1983 T.C. Memo. 707, 47 T.C.M. 422, 1983 Tax Ct. Memo LEXIS 79
CourtUnited States Tax Court
DecidedNovember 29, 1983
DocketDocket No. 21794-80.
StatusUnpublished

This text of 1983 T.C. Memo. 707 (Wright v. Commissioner) is published on Counsel Stack Legal Research, covering United States Tax Court primary law. Counsel Stack provides free access to over 12 million legal documents including statutes, case law, regulations, and constitutions.

Bluebook
Wright v. Commissioner, 1983 T.C. Memo. 707, 47 T.C.M. 422, 1983 Tax Ct. Memo LEXIS 79 (tax 1983).

Opinion

LARRIMORE WRIGHT and MARY M. WRIGHT, Petitioners v. COMMISSIONER OF INTERNAL REVENUE, Respondent
Wright v. Commissioner
Docket No. 21794-80.
United States Tax Court
T.C. Memo 1983-707; 1983 Tax Ct. Memo LEXIS 79; 47 T.C.M. (CCH) 422; T.C.M. (RIA) 83707;
November 29, 1983.
C. Richard Rayburn, Jr., for the petitioners.
James R. Rich, for the respondent.

KORNER

MEMORANDUM FINDINGS OF FACT AND OPINION

KORNER, Judge: Respondent determined deficiencies in petitioners' Federal income taxes for 1976 in the total amount of $57,829. After concessions, the issues for decision herein are as follows:

(1) Whether petitioners' loss upon the sale of 10,000 shares of common stock of Texfi Industries, Inc. is deductible as an ordinary loss or a capital loss under section 165; 1 and/or

(2) whether petitioners' loss upon the sale of said stock is deductible as an ordinary loss under section 83 and regulations thereunder.

*82 FINDINGS OF FACT

Some of the facts have been stipulated and are found accordingly. The stipulation and the exhibits attached thereto are incorporated herein by this reference.

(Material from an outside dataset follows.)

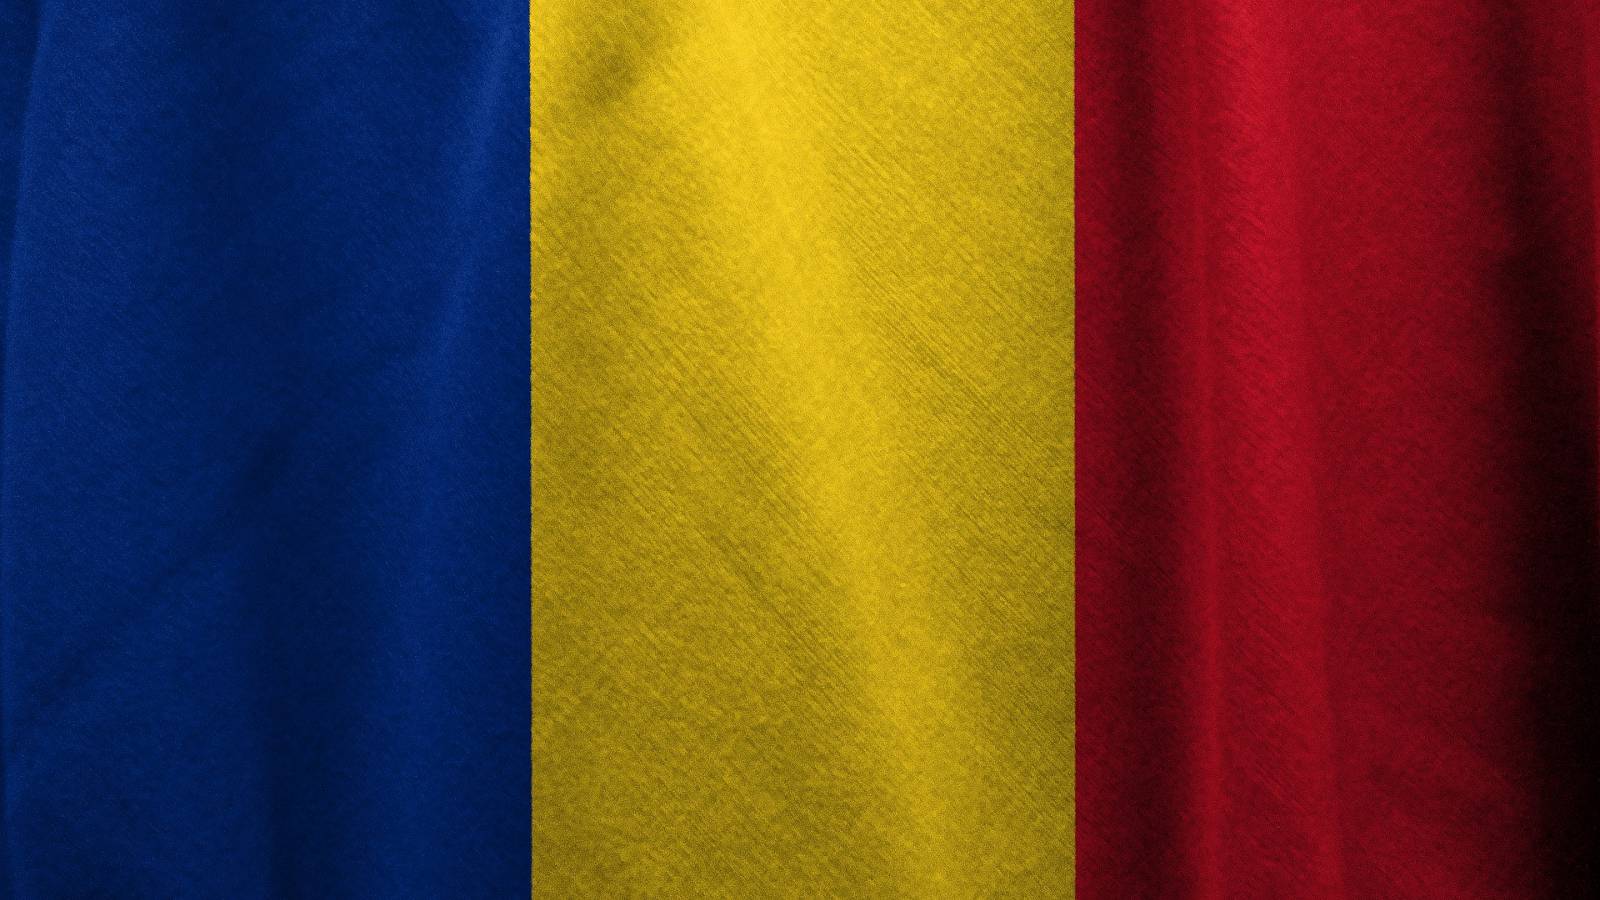 O ile spadły nowe przypadki Covid-19 w Rumunii w ciągu ostatnich 7 dni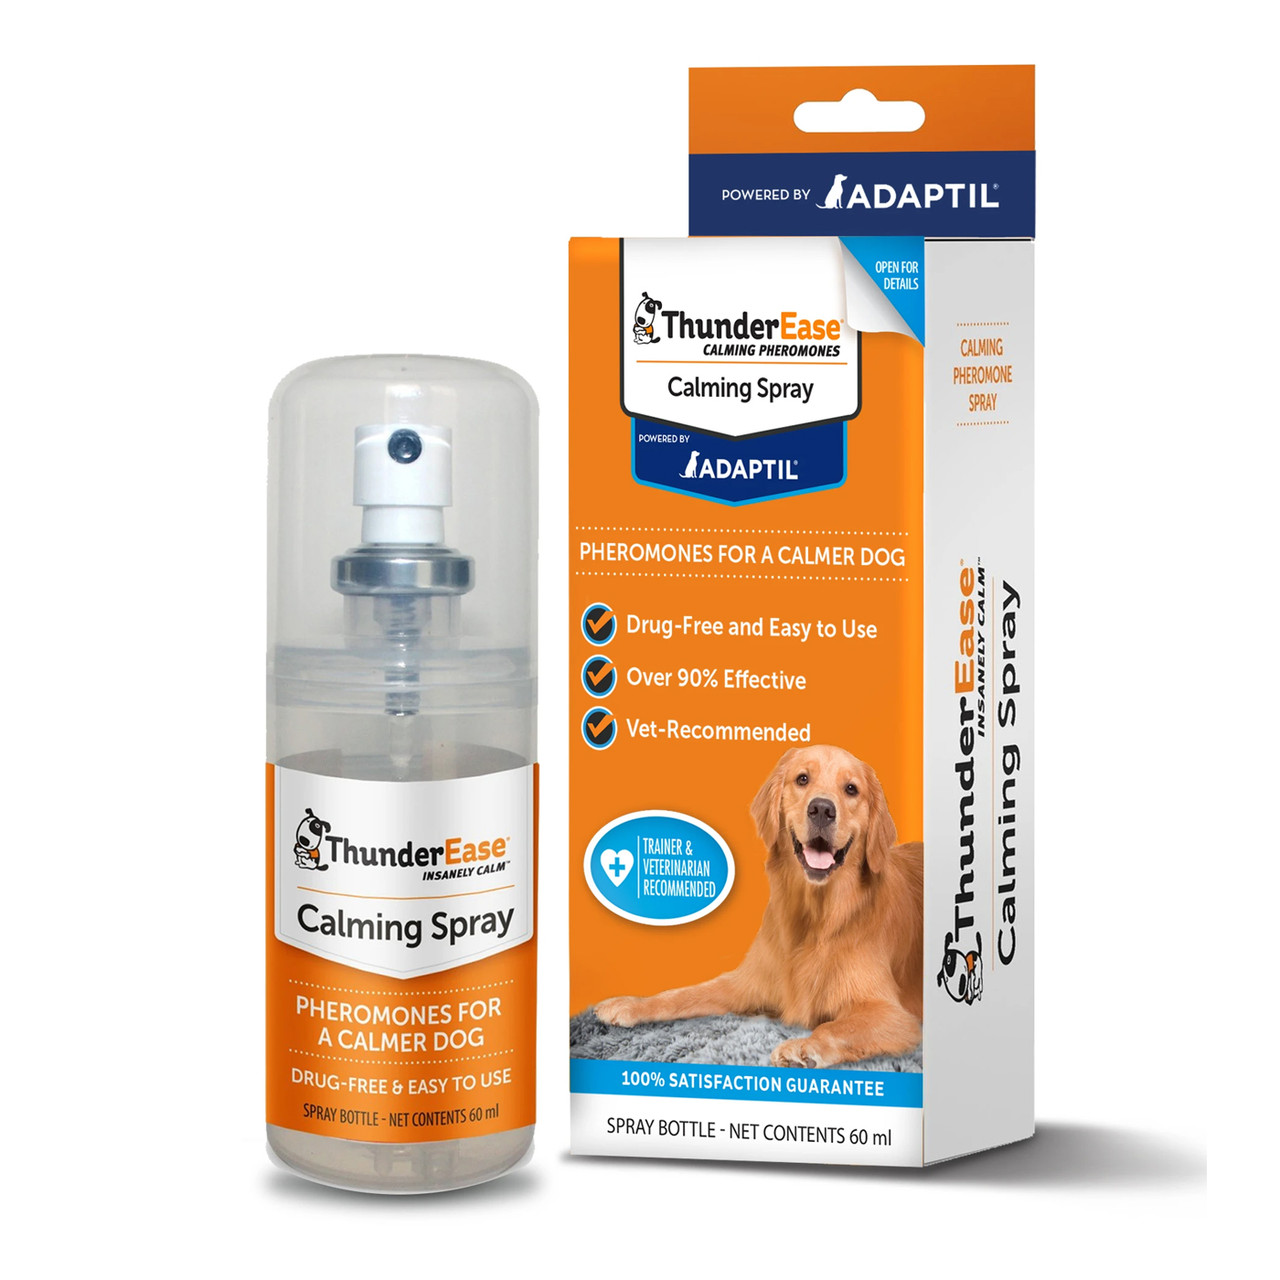 ThunderEase Dog Calming Spray

Larrimore Wright (hereinafter referred to as "Petitioner") and Mary M. Wright, husband and wife (hereinafter referred to, collectively, as "petitioners"), were legal residents of Greensboro, North Carolina, on December 5, 1980, the time of filing of their petition herein. Petitioners filed a joint Federal income tax return for the tax year ending December 31, 1976, with the Internal Revenue Service Center in Memphis, Tennessee.

Prior to October 1971, petitioner was employed as a partner in the national accounting firm of Price, Waterhouse & Company, where his annual salary was in the range of $70,000 to $75,000.

Between July 1971 and October 1971, petitioner participated in negotiations with Joseph H. Hamilton (hereinafter referred to as "Hamilton"), who was then the president of Texfi Industries, Inc. (hereinafter referred to as "Texfi"), concerning possible employment with that company. At all pertinent times herein, Texfi, which was headquartered in Greensboro, North Carolina, was principally*83 in the business of designing, producing and selling knitted, woven and printed apparel fabrics produced primarily from textured polyester yarn. For several years prior to petitioner's employment negotiations with Texfi, the market price of the company's common stock had been steadily increasing, and the company had been expanding rapidly.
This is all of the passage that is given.